(Bloomberg) -- The Mount Soputan in Indonesia erupted on Wednesday, throwing volcanic ash as high as 4,000 meters into the sky, days after an earthquake and tsunami killed more than 1,200 people in the same island.
Authorities ordered people out of a 4-kilometer radius of the peak of the Mount Soputan in North Sulawesi province, citing threat of lava and simmering clouds from the eruption, according to the National Disaster Mitigation Agency. Sam Ratulangi International Airport in Manado -- the capital of North Sulawesi -- is operating normally, agency spokesman Sutopo Purwo Nugroho said in a statement.
The eruption comes less than a week after a 7.4-magnitude earthquake and subsequent tsunami killed at least 1,234 people and displaced more than 60,000 people in Central Sulawesi. Mount Soputan is located about 900 kilometers northeast of the quake ravaged region and there were no immediate reports of any casualties from the volcanic eruption.
President Joko Widodo headed back to the quake-affected areas for a second time on Wednesday to supervise rescue and relief operations as reports of mass looting of food and other goods emerged. The toll may rise as rescuers were unable to extricate people suspected to be buried under buildings that collapsed due to liquefaction, a phenomenon that causes soil to lose its strength after violent shaking, according to Nugroho.
Though Central Sulawesi accounts only for about 1 percent of the country’s gross domestic product, the reconstruction cost may weigh on the government’s finances as it battles a slump in the currency.
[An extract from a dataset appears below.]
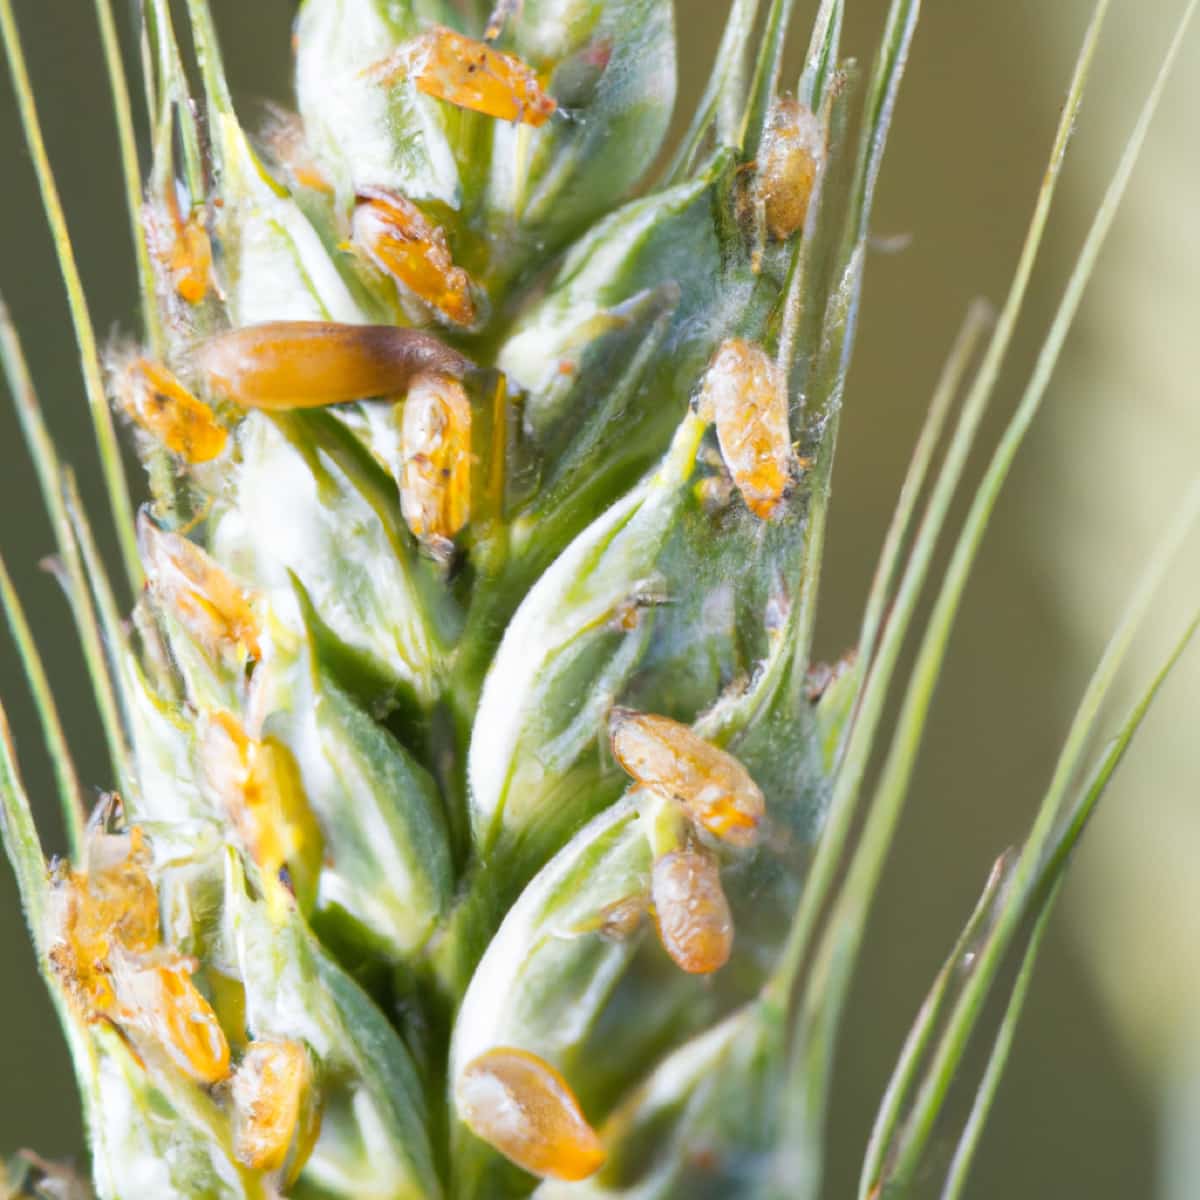 Aphids on Wheat Plant
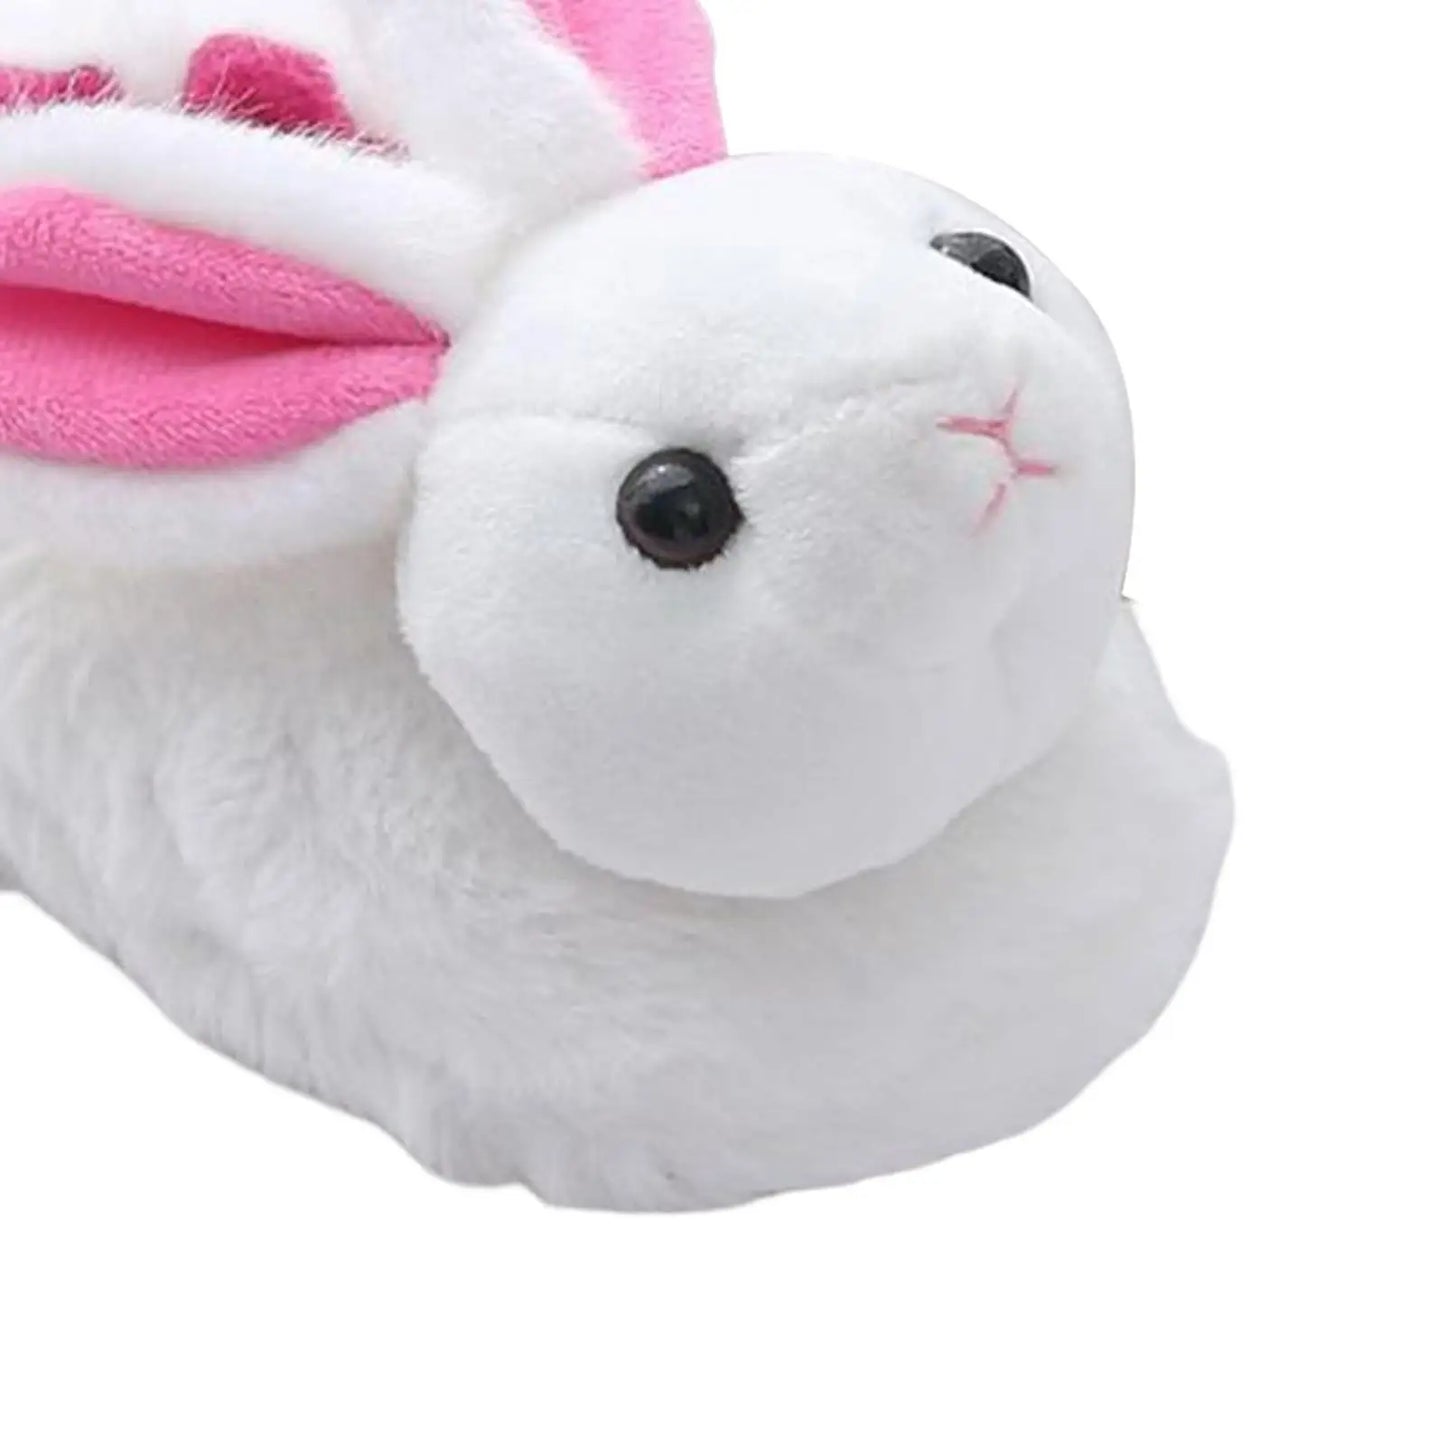 White Rabbit Slippers with Pink Ears for Girls

The rupiah weakened past 15,000 per dollar for the first time in 20 years on Tuesday and is down 10 percent this year.
The quake and volcano may also hurt the nation’s all-important tourism industry, which was rattled by a series of deadly earthquakes in popular tourist destination of Lombok island, near Bali. Foreign tourist arrivals have been disrupted by a volcanic eruption at Mount Agung on Bali island late last year and Mount Merapi near Yogyakarta this year.
Indonesia’s 17,000 islands are prone to earthquakes because the country straddles the Pacific Ring of Fire -- an arc of fault lines and volcanoes that causes frequent seismic upheavals. At least 160,000 people were killed on Sumatra island as a result of a 9.1 magnitude earthquake and tsunami on Boxing Day in 2004. The Sulawesi disaster is the worst since more than 6,000 people were killed in an earthquake in Central Java region in 2006.